The default scaling settings are fairly reasonable. You can adjust the settings in the `QueueProcessingFargateServiceProps` class. These are the properties available:
- Cpu: The number of CPU units to allocate to the task. Default is 256.
- MemoryLimitMiB: The amount of memory to allocate to the task. Default is 512.
- Cooldown: The time to wait before scaling again. Default is 300 seconds.
- MinScalingCapacity: The minimum number of tasks to run; must be at least 1. Default is 1.
- MaxScalingCapacity: The maximum number of tasks to run. Default is 2.
- CpuTargetUtilizationPercent: The target CPU utilization percentage to maintain. Default is 50.
These properties can be set directly in the props class.
The SQS auto scaling is based on the number of messages in the queue. The default is 100 messages. When the number of messages in the queue is above the threshold, the service scales up. This setting cannot be adjusted in the construct class directly.

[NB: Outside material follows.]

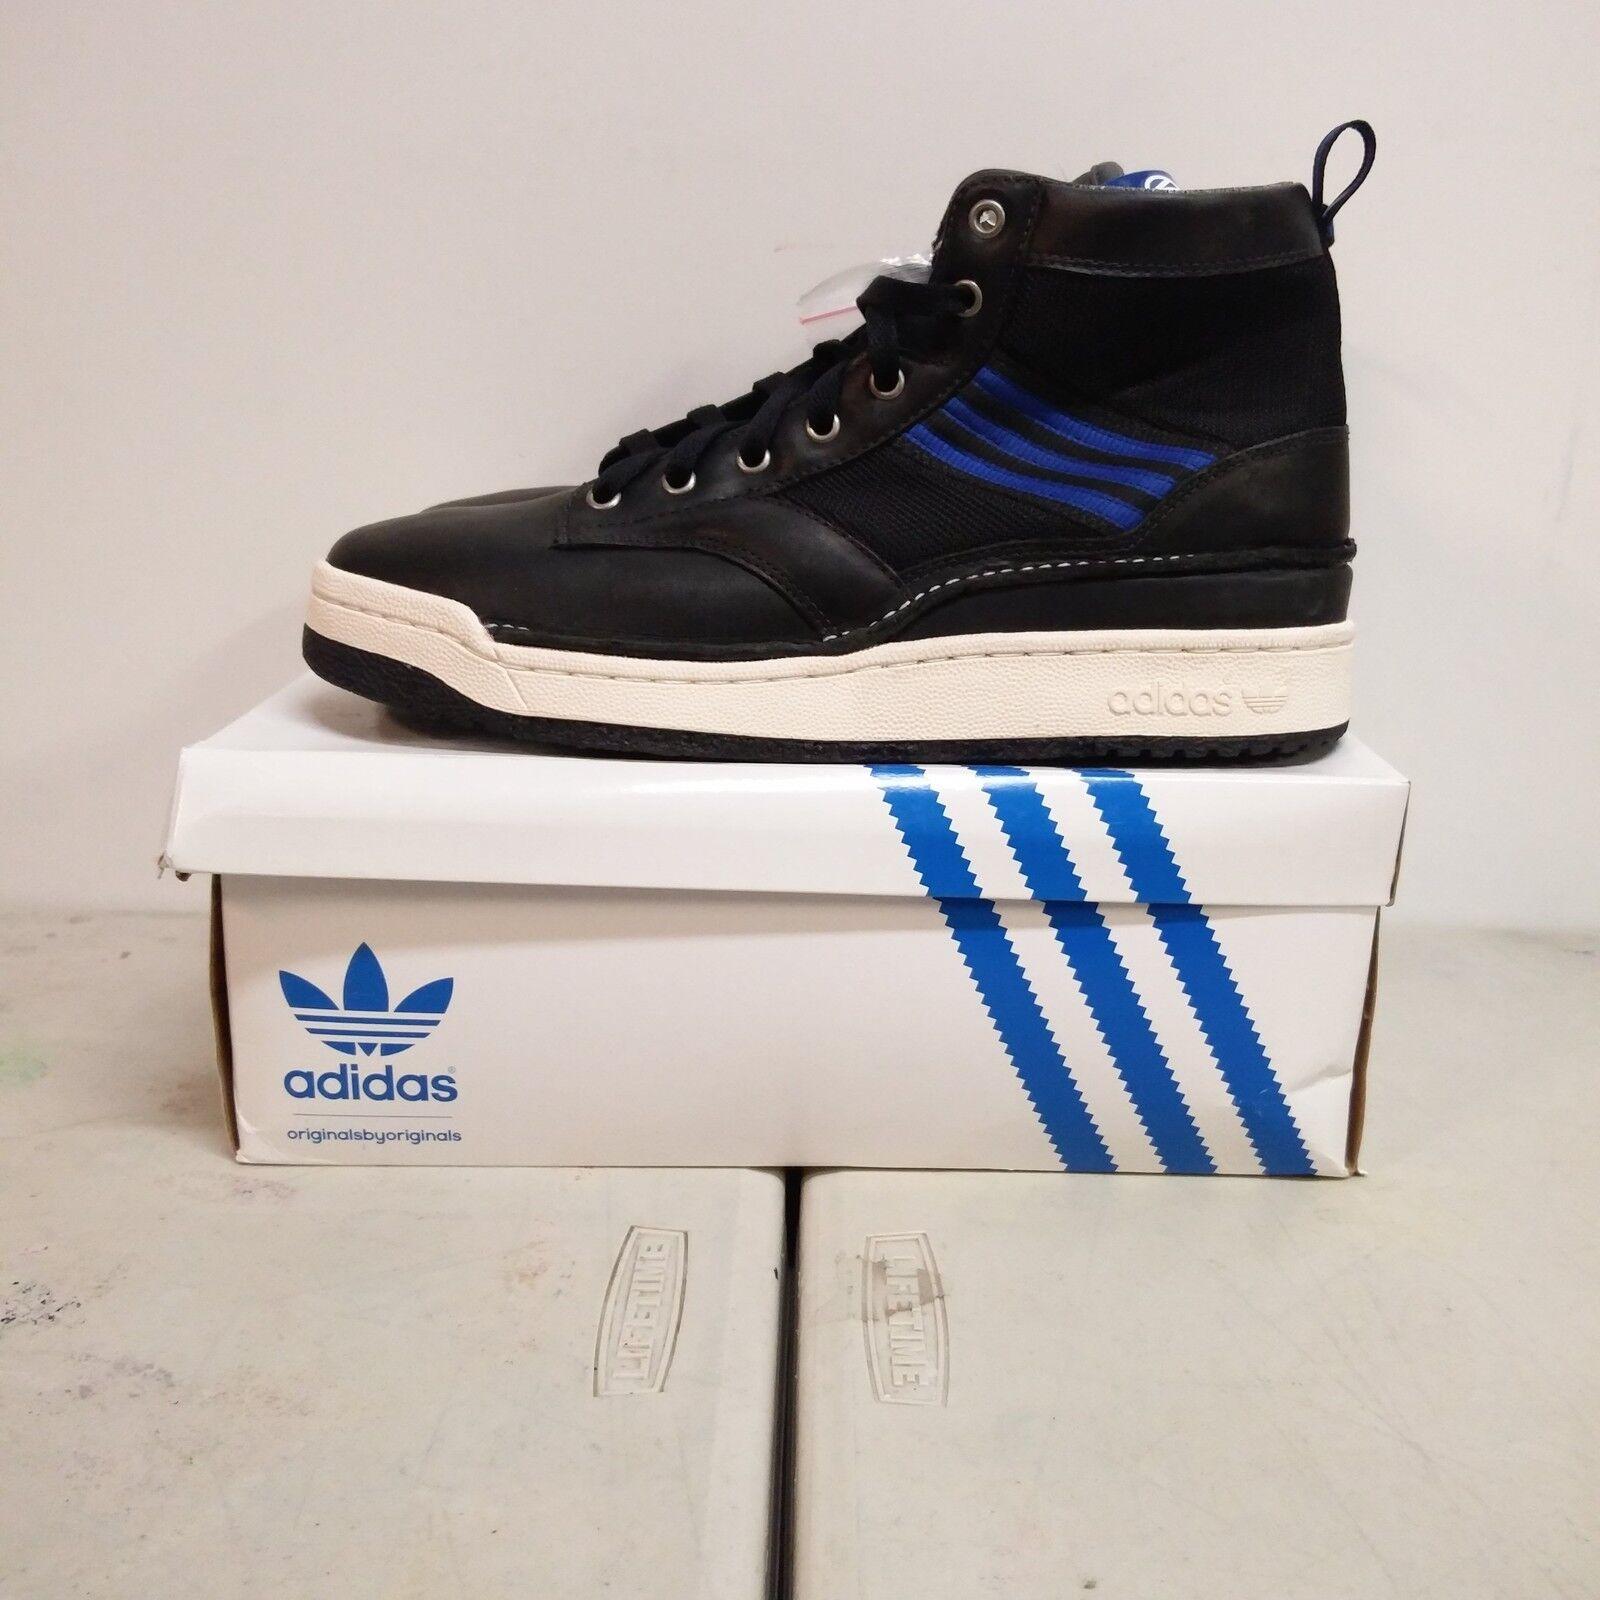 Adidas Originals ObyO 7 Hole KzK Kazuki Japan Boots Men Shoes Rare G03314 11

A dead-letter queue is automatically created for the main SQS queue. This is where messages are moved when they fail to process after a certain number of retries. The default is five retries. You can adjust the number of retries in the QueueProcessingFargateServiceProps
class.
The docker image is built from the current directory because this is where the Dockerfile is located. The CDK command will build the Docker image and push it to the ECR repository. This is done automatically via the ContainerImage.FromAsset()
method. One alternative is to build the Docker image manually and push it to the ECR repository. This is more work, but it is still useful when you want to test the image locally before deploying it to AWS.
The log driver is set to CloudWatch logs with a retention of one day. The default is never to delete logs. You can adjust the retention period in the AwsLogDriverProps
class.
The `Cluster` is a construct that creates an ECS cluster in the VPC. This is where the Fargate service runs the processor tasks. You can scale the cluster horizontally by adding more instances to the cluster. Or you can scale vertically by increasing the CPU and memory of the instances.
Be sure to set the region and account in the main Program.cs
file. This is used to set the environment settings for the CDK stack.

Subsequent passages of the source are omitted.